Each week, there will be two dark days on Monday and Tuesday. Appelbaum commented “We will work with NYRA to ensure the safety of our horses and riders and to do all we can to protect the thousands of jobs in our backstretch community as we navigate this challenging time… While it presents certain complications, we all get to spend five extra days a year in Saratoga – which is always good for the soul.”
For business, the earlier opening weekend proved successful. NYRA announced “that all-sources handle from Thursday, July 11 through Sunday, July 14 totaled $73,441,101 compared to 2018 opening weekend’s all-sources total of $71,671,188 from Friday, July 20 to Monday, July 23.”

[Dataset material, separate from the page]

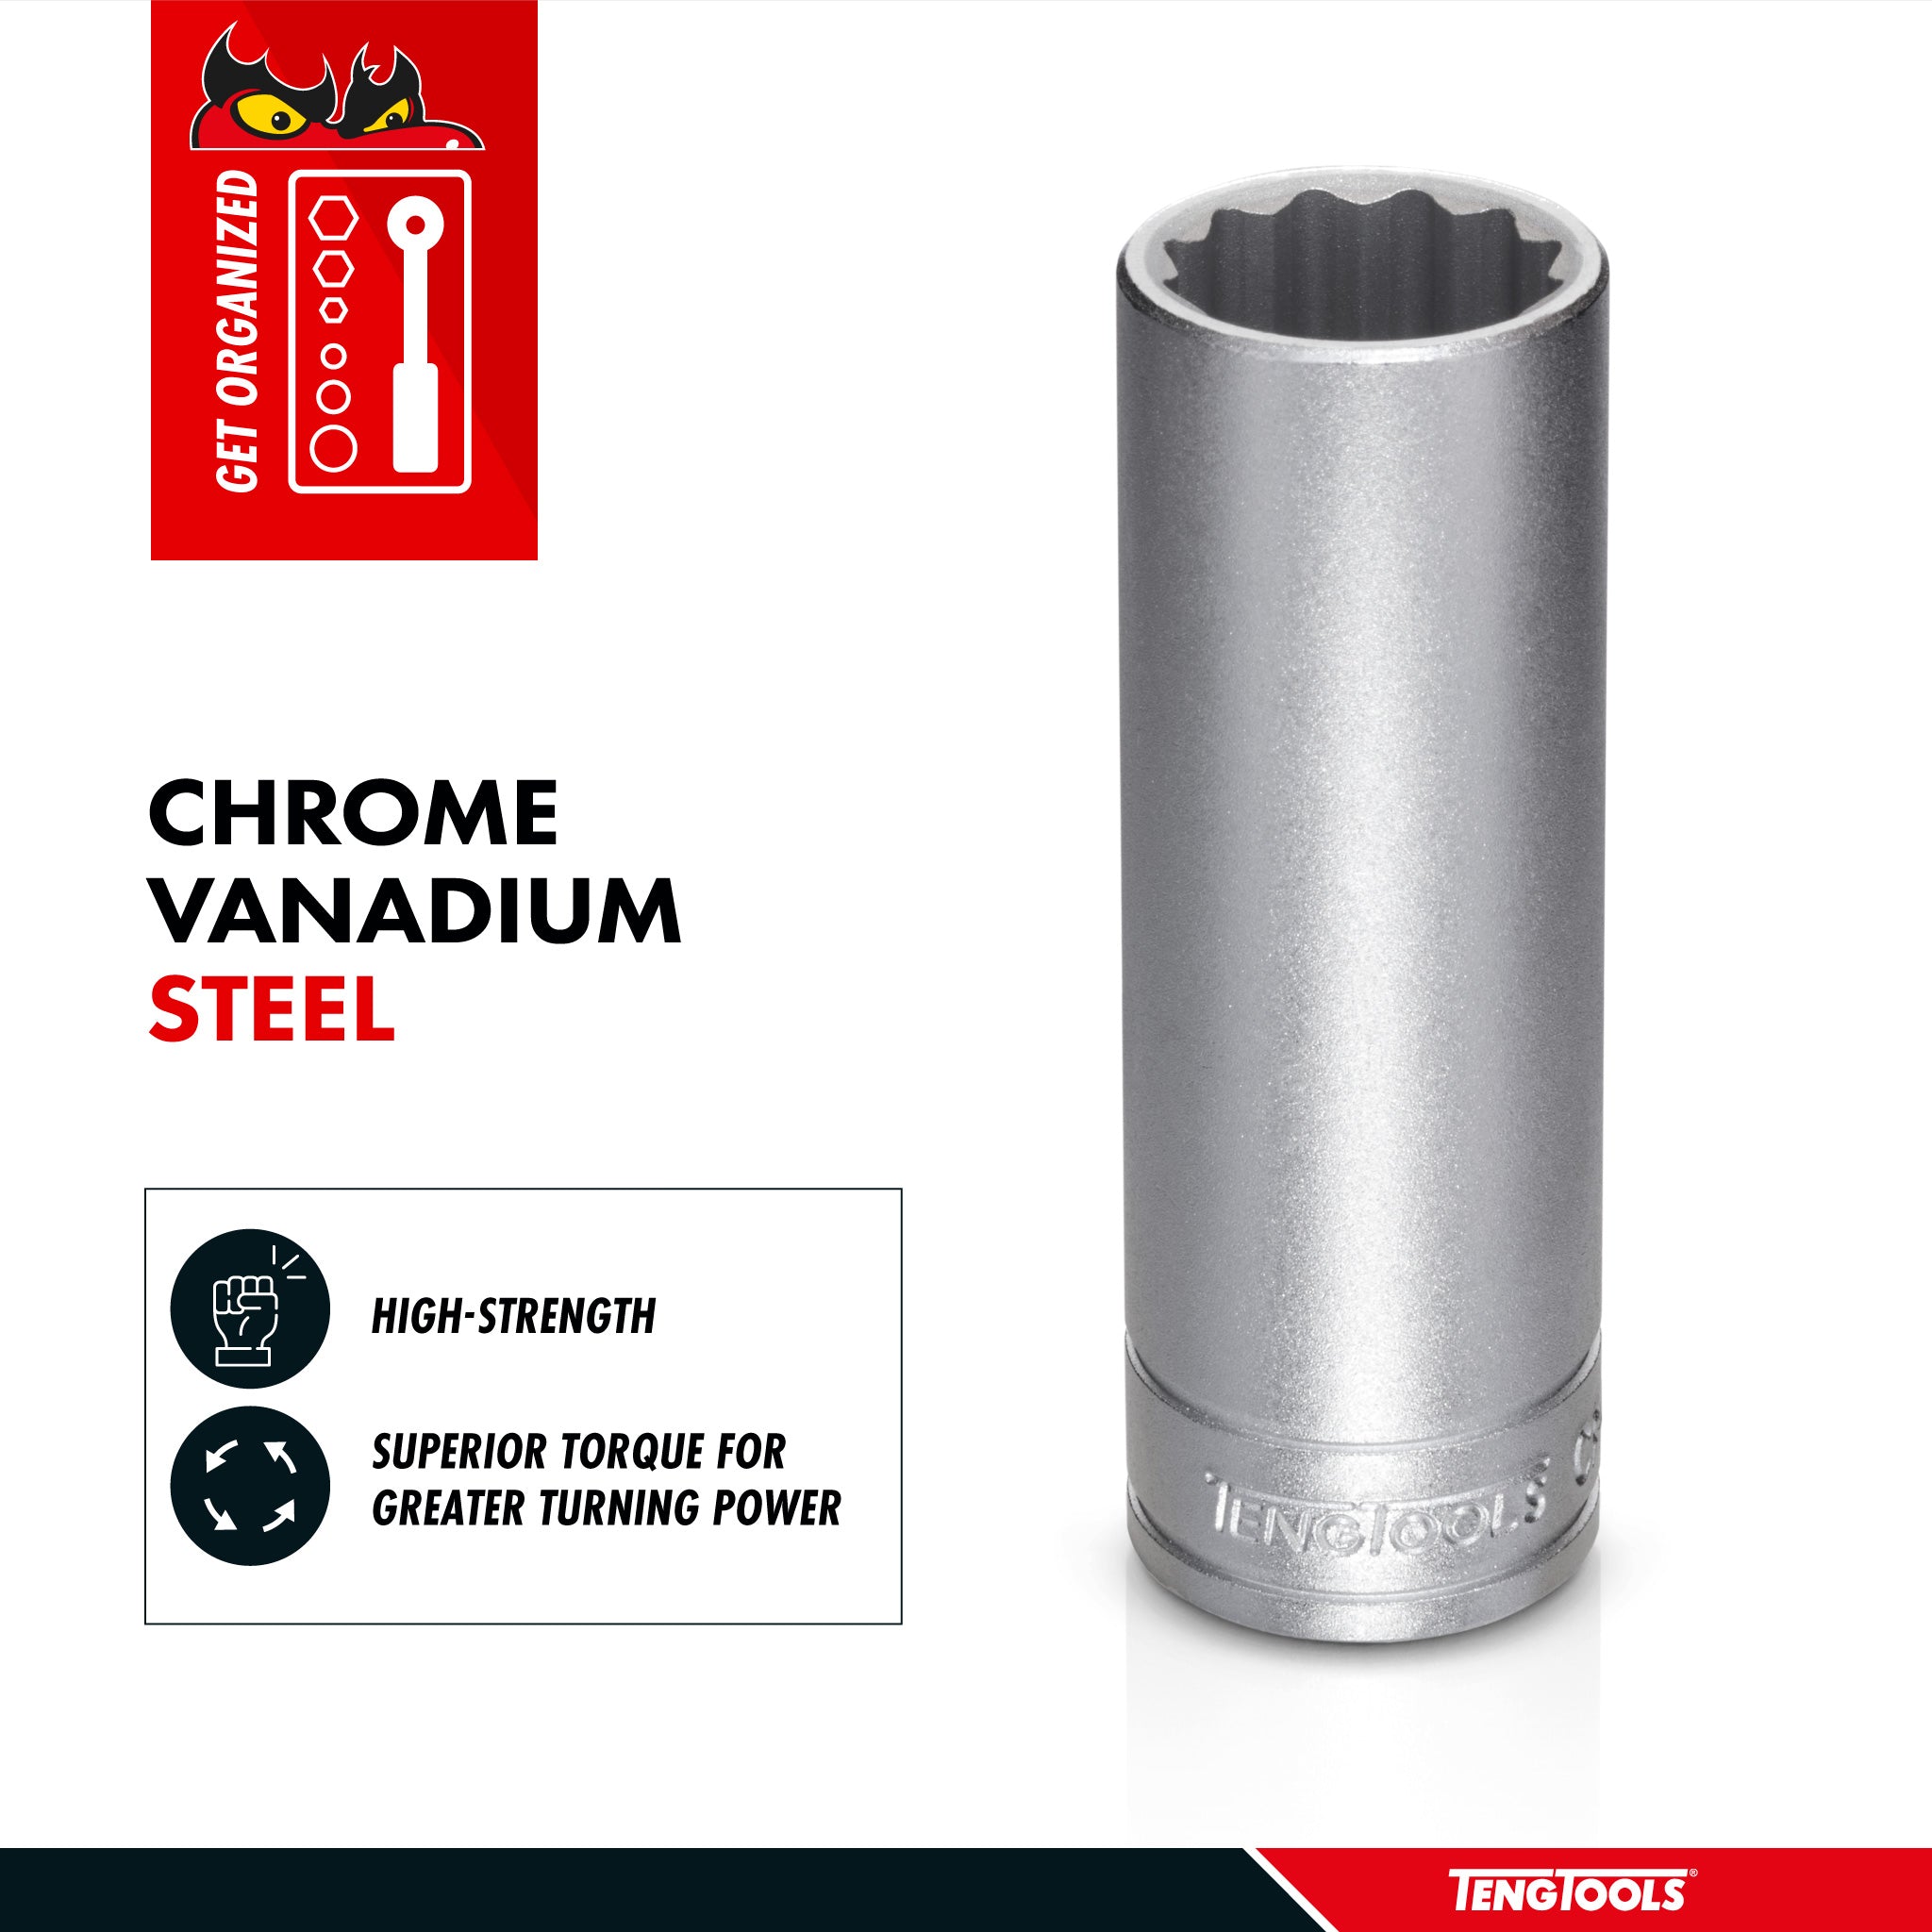 Teng Tools 1/2 Inch Drive 12 Point Metric Deep Chrome Vanadium Sockets - 15mm

Speaking on the impact this will have for the community, Saratoga Springs Mayor Meg Kelly offered support for the initiative. “The City stands firmly ready to support NYRA in any way we can. We have no doubt that the new calendar has been thoughtfully planned and will be expertly executed… The new schedule will bring both anticipated and unanticipated benefits to our summer racing season, and we will use the City’s resources to make it even more successful than ever. I am looking forward to the 2019 meet – it’s going to be another great season.”
Despite the added day of rest for the horses, some advocates still do not think it is enough.
Patrick Battuello, the founder, president, and director of Horseracing Wrongs, is working “to end horse-racing in the United States.” Created in 2013, Horseracing Wrongs is “the only organization to put forth evidence” against horse racing, including kill lists and other reports that detail the deaths of horses. Saratoga recently had its sixth horse die and Battuello, along with supporters of his organization, will be demonstrating and protesting at many races this summer.
As for the earlier start date and added dark day per week, Battuello “doubt[s]” that it will positively affect the horses. He stated, “We argue that… it’s inevitable that they will die.”
Queen of Saratoga
Marylou Whitney, the horse breeder, philanthropist and Saratoga socialite died at age 93 on Friday, July 19. Her death was announced at the track on Friday, followed by a moment of silence.
“Marylou’s passion for racing was only matched by her love for the City of Saratoga Springs and her support for the backstretch community,” said NYRA President and CEO O’Rourke. “Her generosity was unparalleled and the list of her contributions is endless.” He continued, “Saratoga would not be the destination it is today without the esteemed leadership, dedication and support of Marylou.”
For horse racing, Whitney is most notably remembered for her horse Birdstone’s upset victory at the 2004 Belmont Stakes, as well as her many victories from horses bred at Marylou Whitney Stables. Additionally, the Whitney family founded Saratoga Performing Arts Center in 1966.
A patron of the arts, races and more, Whitney greatly impacted Saratoga Springs. She is a 2019 inductee of the National Museum of Racing and Hall of Fame.
On August 24, Saratoga will host its 150th Travers Stakes. First held in 1864, the race was named for William R. Travers, the old president of the Saratoga Racing Association. The winner of that first race was Mr. Travers’ horse, named Kentucky.
Today, the Travers Stakes is a prestigious race, with the competition featuring extraordinary three-year-old horses. This Midsummer Derby is sure to be a special one as it celebrates its 150th race.